Adam Silver, director of the 401(k) stable value group at Royal Bank of Canada, said his firm is also among the established wrap issuers who are prepared to start growing their business again, “although how big and fast is to be determined.”

Silver, Cruz, and Stevens were part of a four-person panel, along with Marijn Smit, president of AEGON Stable Value Solutions, that assessed the outlook for the stable value wrap market during the SVIA’s 2011 Fall Forum. AEGON is the largest wrap provider in the marketplace, Smit noted, with contracts on about $60 billion of fund balances, all on the synthetic side of the business. Smit said that’s been a “pretty consistent number” for the past several years and that AEGON is not planning to grow it at the moment.

The company is interested, however, in seeing wrap capacity expand industry-wide. AEGON has been actively encouraging new players to enter the market, Smit said, even going so far as to use some of its administrative capabilities to help new competitors come up to speed. “It may seem counterintuitive,” he said, “but we think it is in the overall best interests of the industry to have a diverse universe of providers.”

Silver said the idea that wrap capacity constraints could prompt some stable value managers to follow Schwab’s lead in exiting the business remains a legitimate concern, even though he continues to view stable value as an “incredibly attractive product for plan sponsors.”

“Eventually, and hopefully sooner rather than later,” Silver said, “other banks will come into the market.”

Looking at other trends in the wrap market, the panel predicted that global wrap contracts, in which multiple wrap providers agree to similar terms when wrapping a single stable value fund, will likely continue to decline in importance. In 2006, the panel noted, 61 percent of stable value funds were globally wrapped; by 2010, that figure had fallen to 30 percent.

Cruz also noted that his organization is seeing more transparency from fund managers, a trend Silver applauded. “When we underwrite, we need to understand what the different strategies are, whether its in a global wrap structure or not,” he said. “I think the new approach going forward is to have a lot more information about the overall asset structure of a fund and an understanding of who the other wrap providers are. One of the lessons we learned over the past few years is that all issuers take the credit risk of other issuers, and there is huge pressure to work problems out when an issuer gets into trouble to avoid harming the stable value fund.”

Cruz also said his company now values the ability to periodically re-underwrite its exposure on its wrap contracts, which is why it is moving toward offering finite-maturity rather than evergreen wrap contracts. “Everybody understands maturity profiles and the ability to manage exposure to certain dates,” he said. “I think that is an important consideration for us as we move forward.”

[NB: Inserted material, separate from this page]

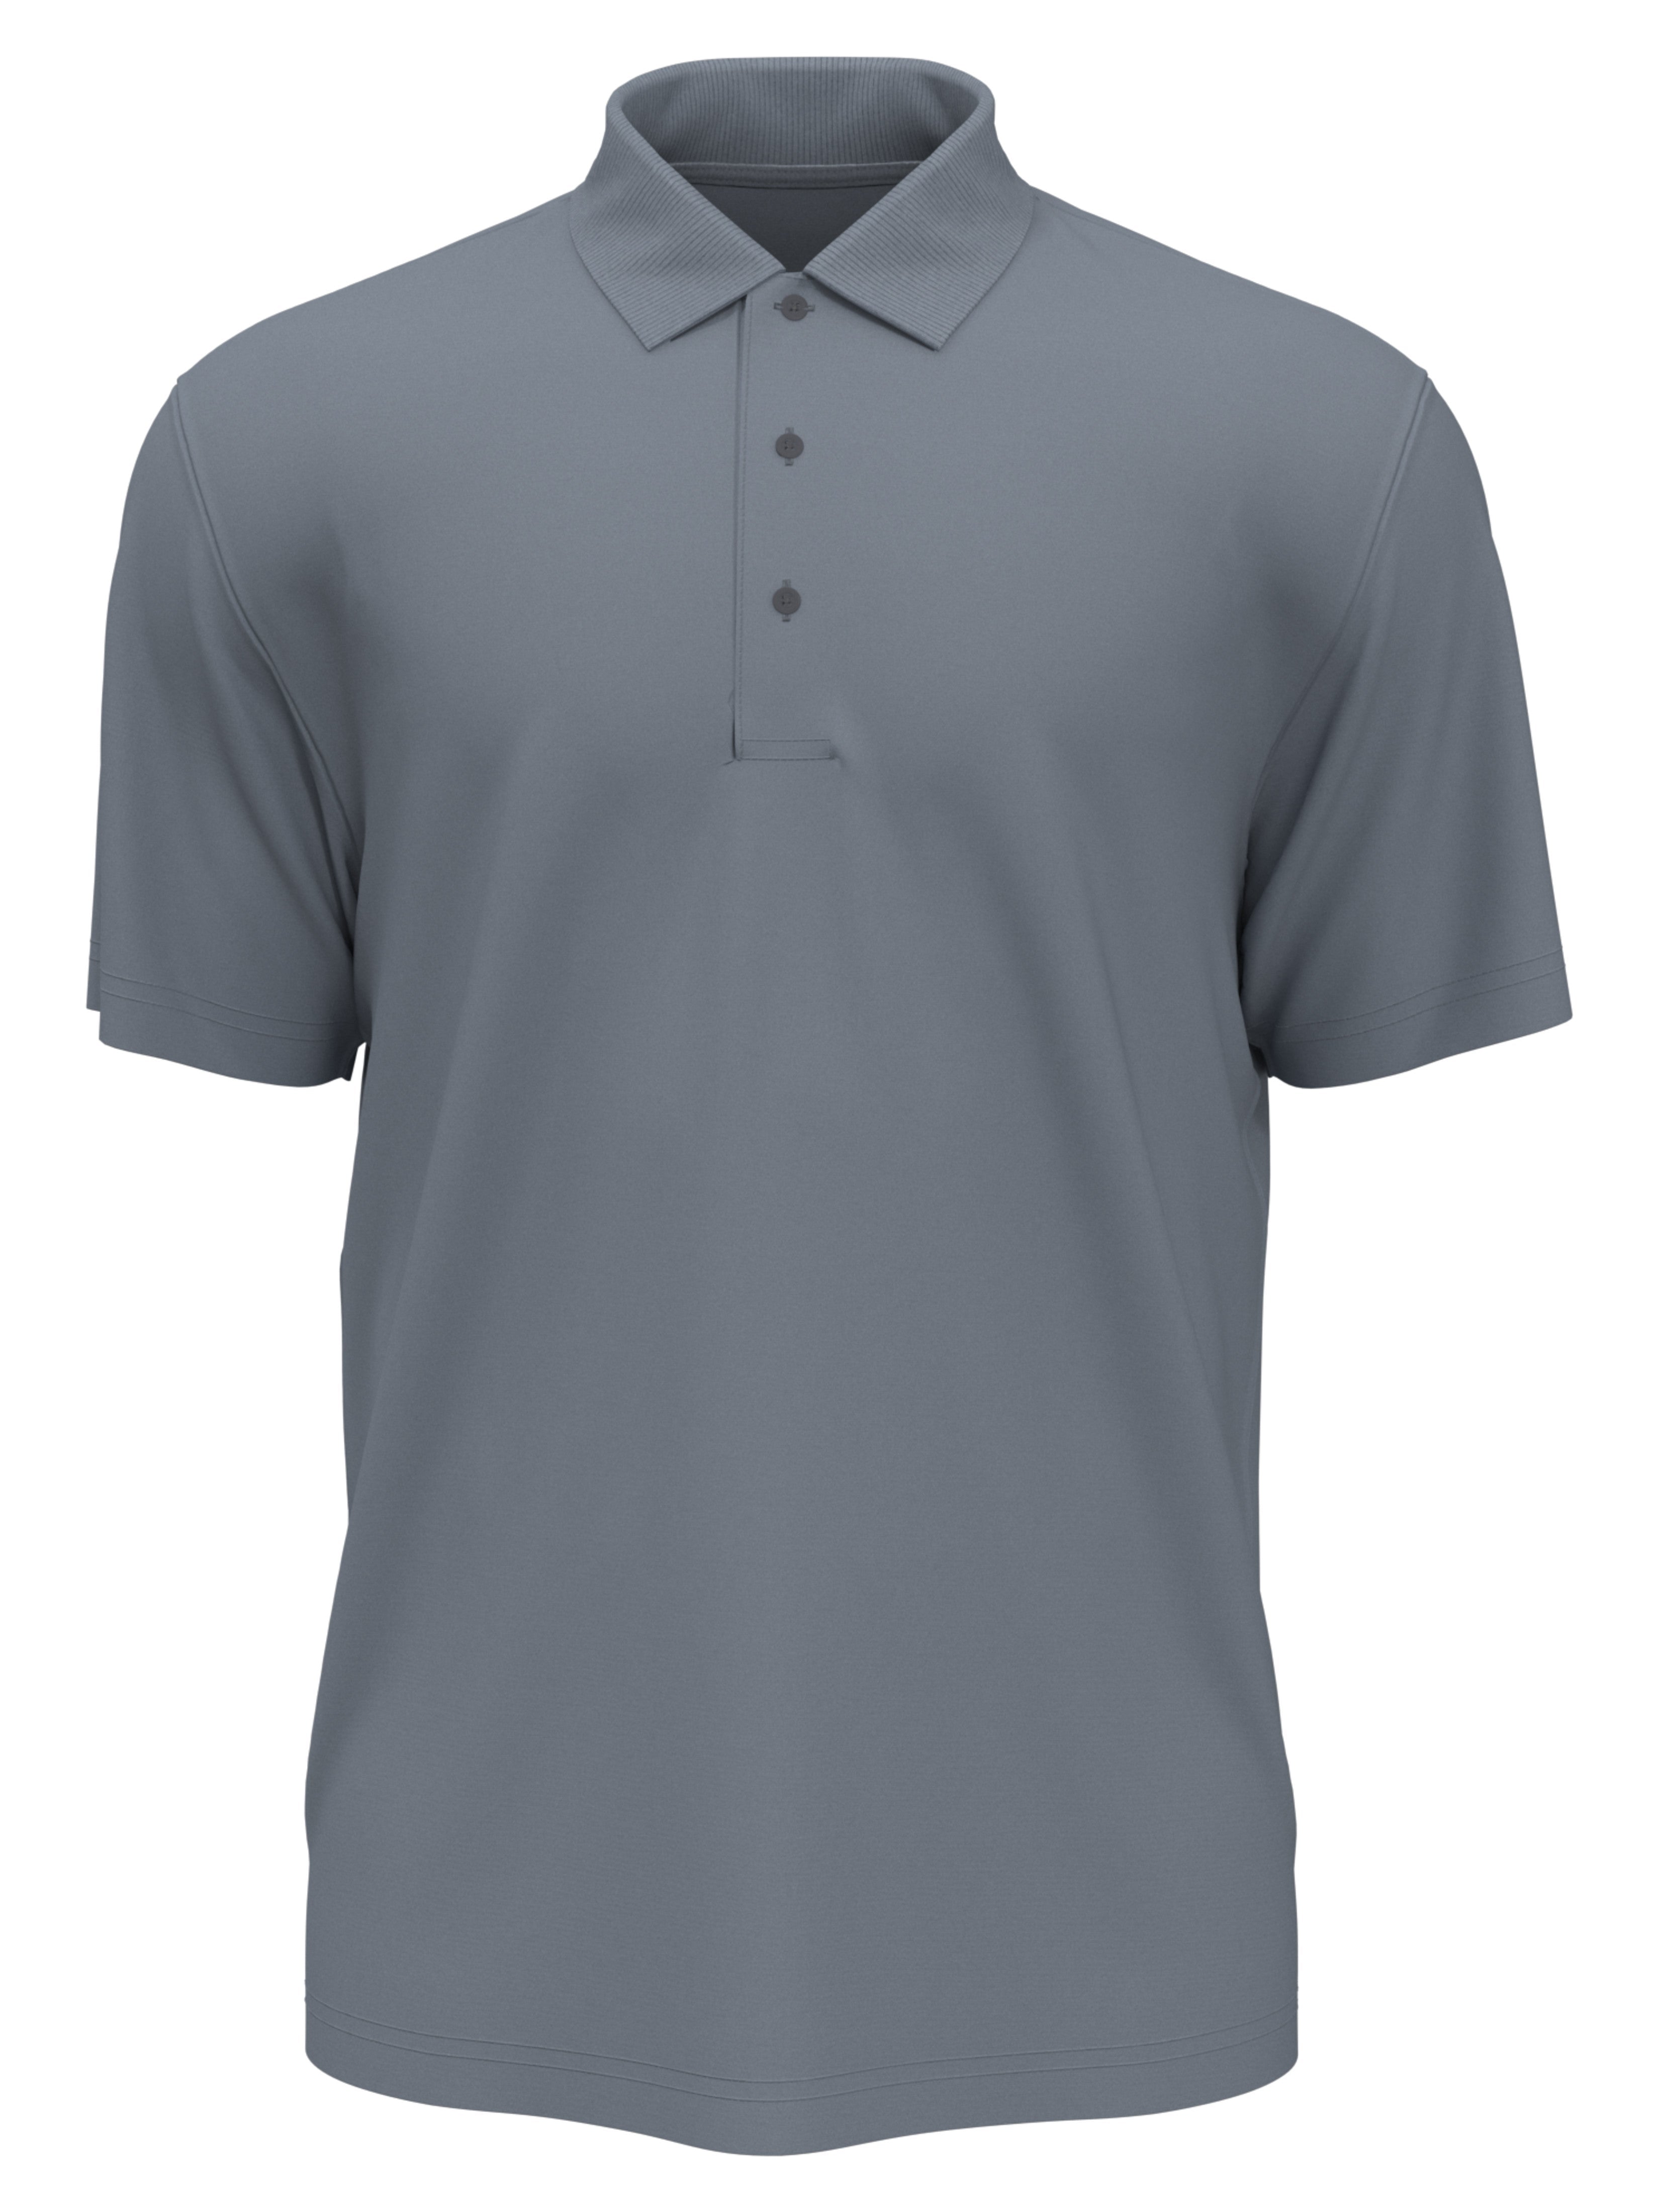 PGA TOUR Apparel Boys AirFlux™ Solid Mesh Golf Polo Shirt, Size Small, Tradewinds Gray, 100% Polyester | Golf Apparel Shop

Looking toward other possible changes in the stable value marketplace, some members of the panel expressed reservations about having stable value funds included in the portfolios of target-date retirement funds, or about seeing the stable value industry create “hybrid” or “income” funds that would feature both wrapped and unwrapped assets. (See “Income Funds: The Next Evolution for Stable Value?” elsewhere in this issue of Stable Times.)

Silver said many investors were disappointed during the 2007-2009 stock market crash to find out that they could lose money in target-date funds, and that as a wrap provider he wasn’t sure he wanted to be involved with “a product that doesn’t ultimately achieve what it is expected to deliver.”

Silver also said hybrid funds could be problematic for wrap issuers for a number of reasons, notably the unpredictability of investor behavior in such a fund. In any event, he said he didn’t think such funds would prove very popular with retirement plan participants since they wouldn’t offer the principal protection that stable value funds have provided for decades.